<<<<

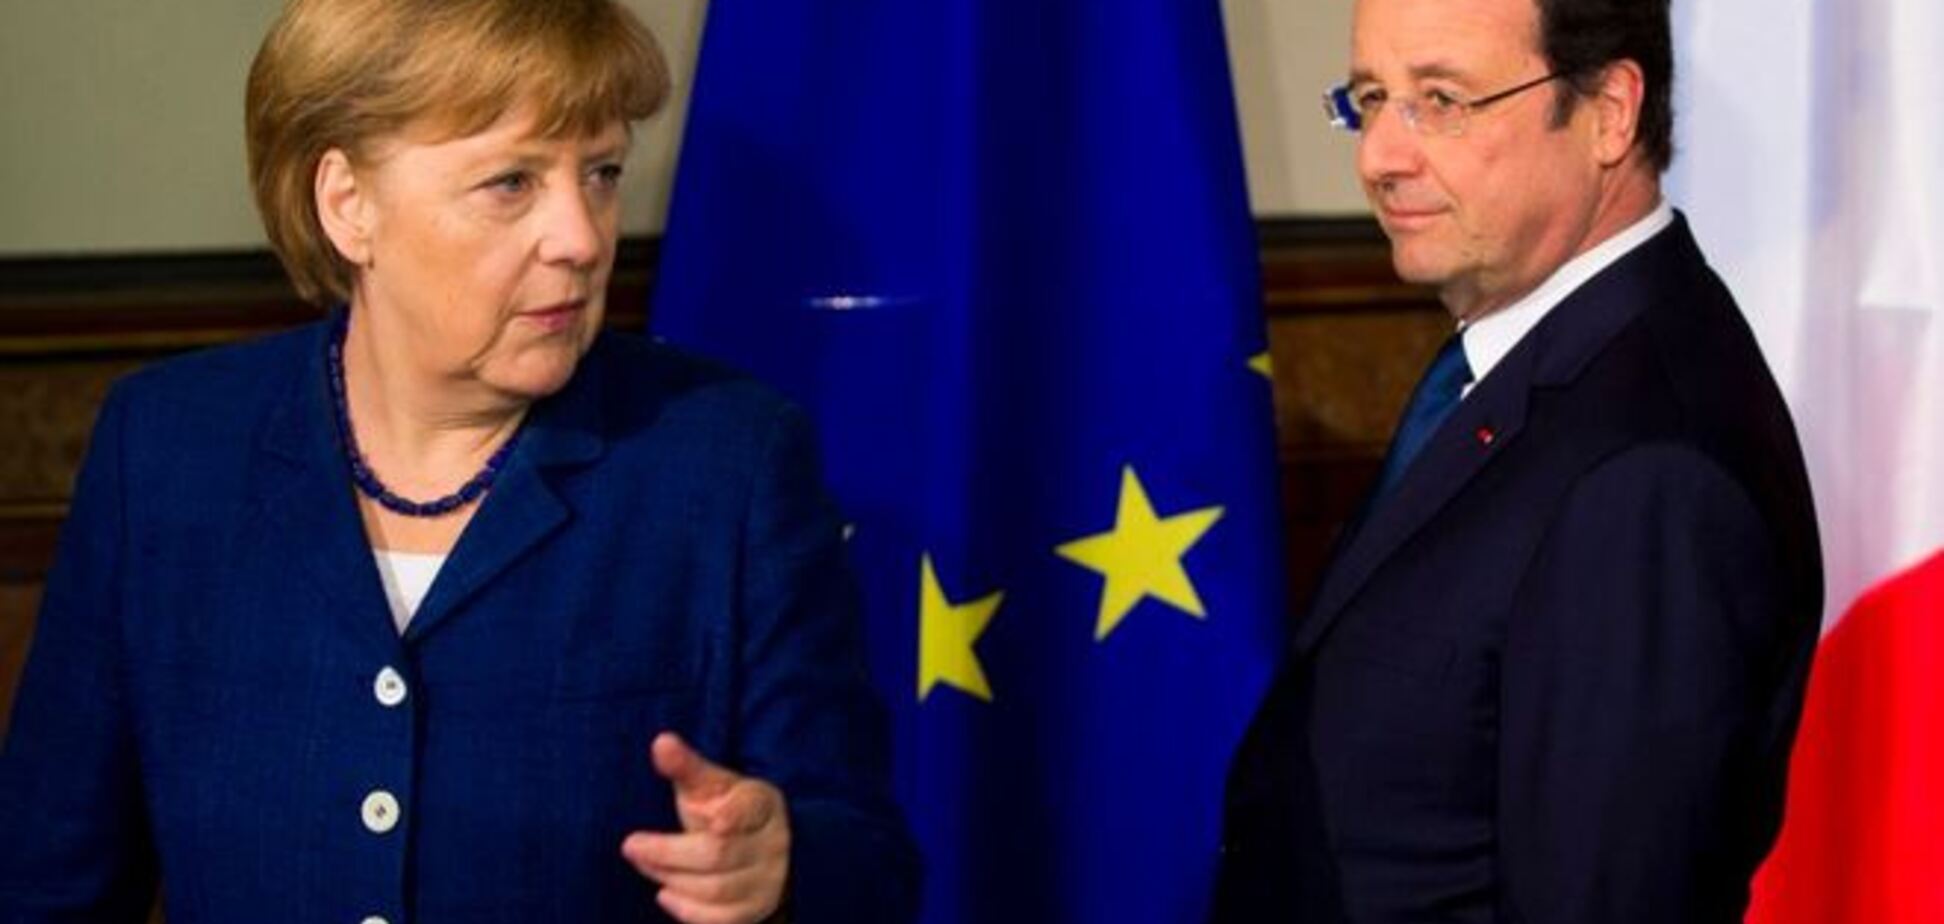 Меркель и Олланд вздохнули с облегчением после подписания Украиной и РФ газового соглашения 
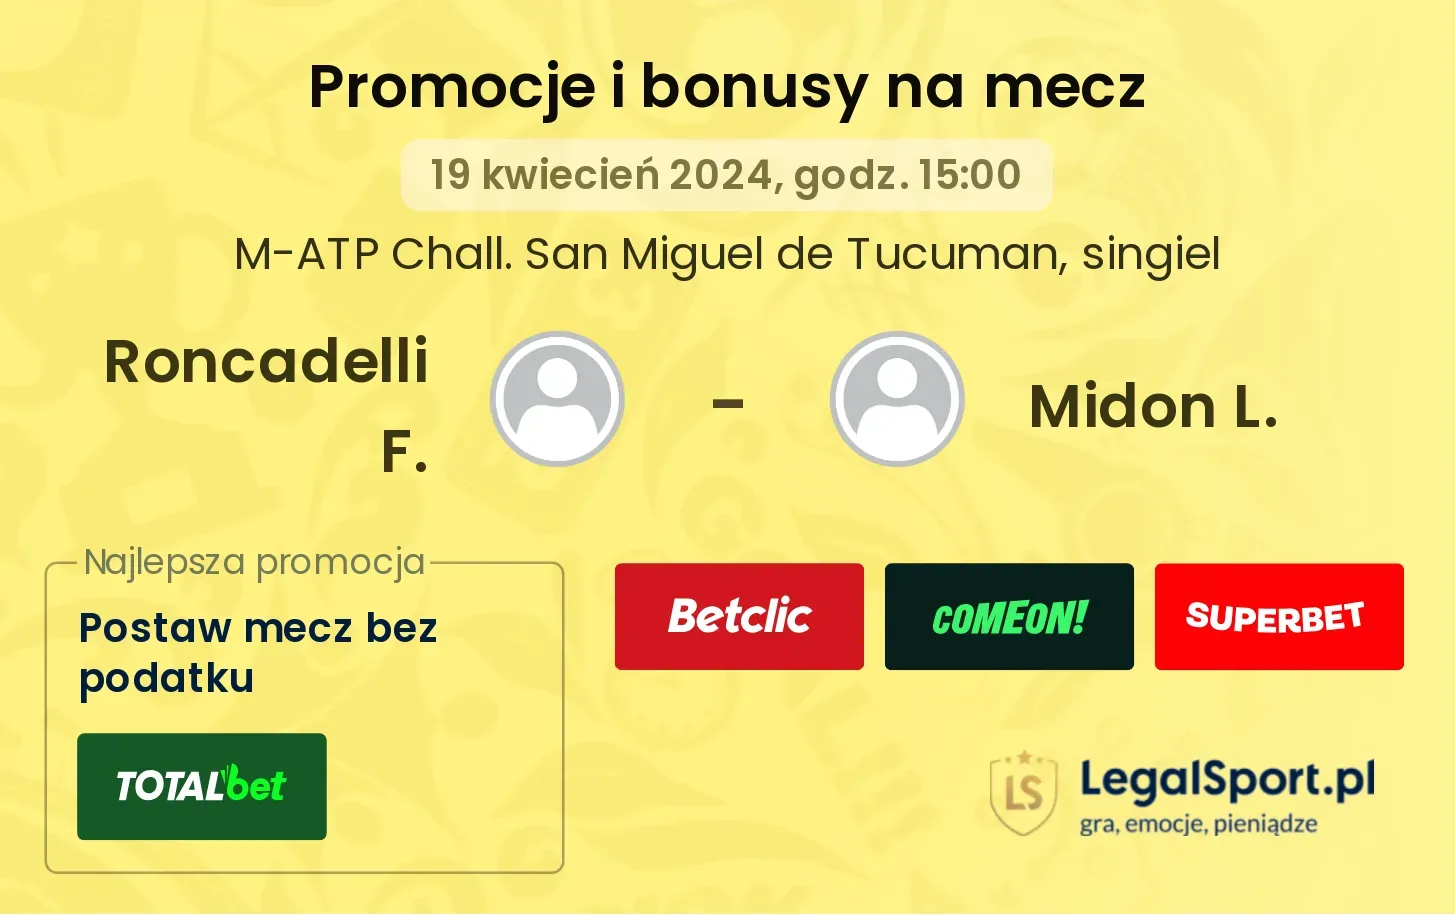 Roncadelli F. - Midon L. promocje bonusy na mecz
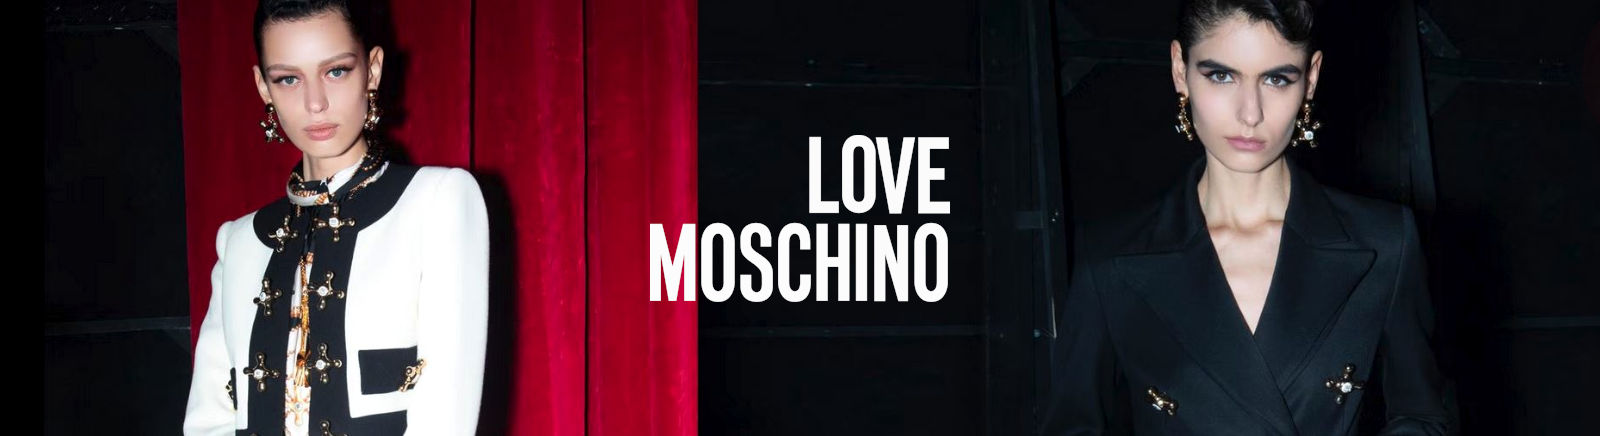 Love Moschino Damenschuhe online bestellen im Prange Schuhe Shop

>>>>
<<<<

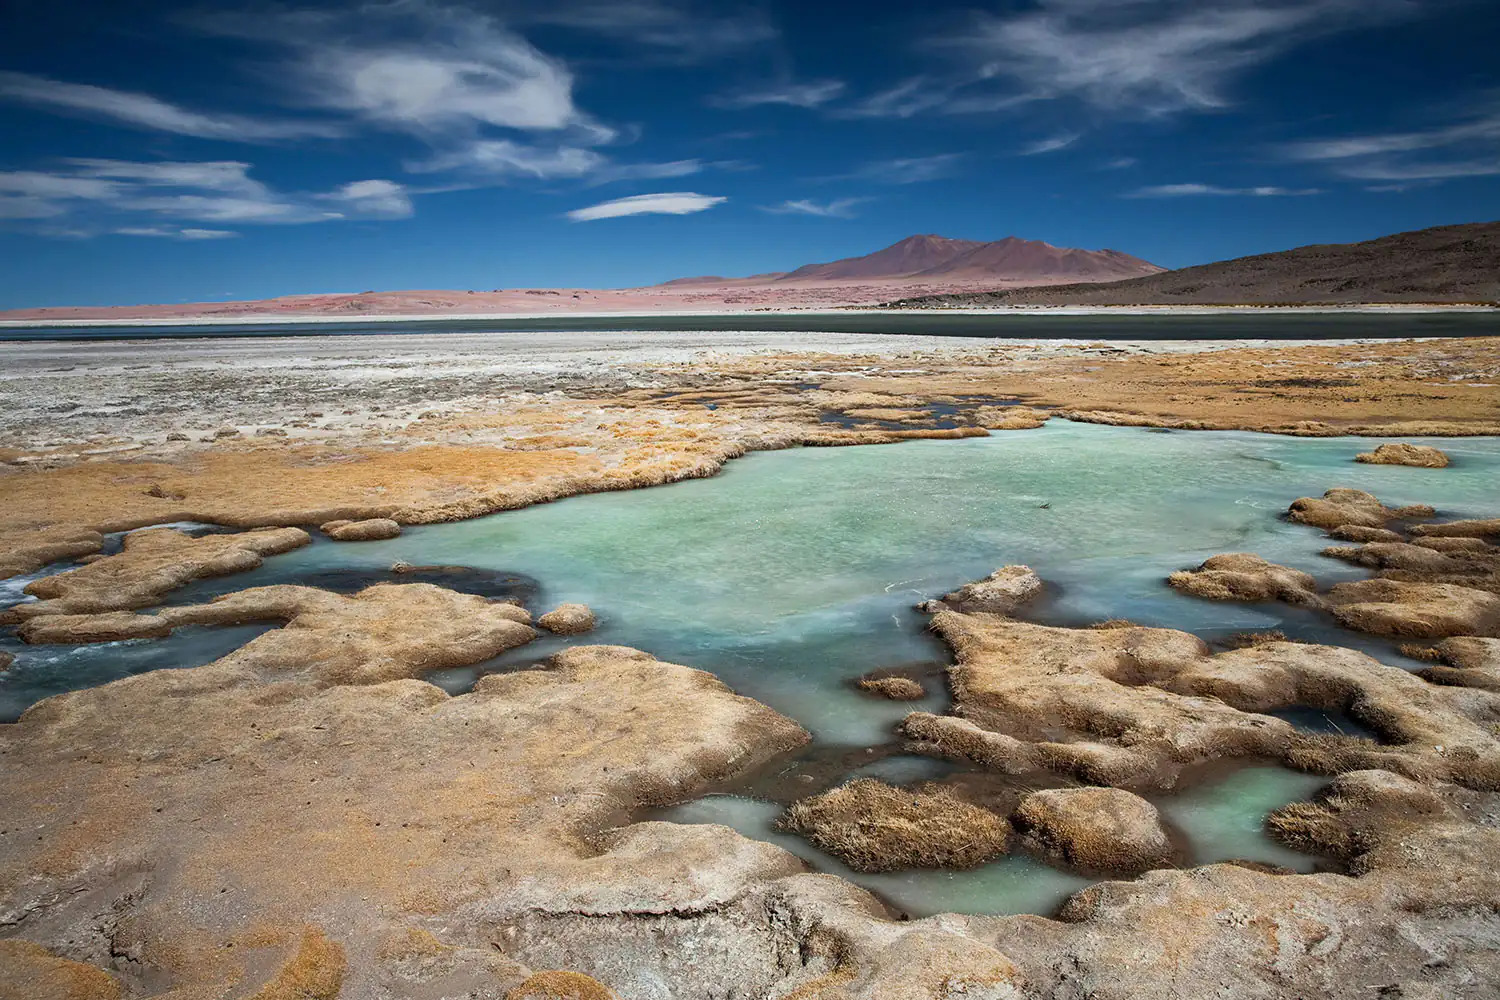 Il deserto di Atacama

>>>>

Problem:
Although the records above contain pictures, the copy must not; set down exactly the lines from the one with "Меркель и Олланд" up to and including the one with "Love Moschino Damenschuhe".

Task response:
 Меркель и Олланд вздохнули с облегчением после подписания Украиной и РФ газового соглашения 
 Roncadelli F. - Midon L. promocje bonusy na mecz
 Love Moschino Damenschuhe online bestellen im Prange Schuhe Shop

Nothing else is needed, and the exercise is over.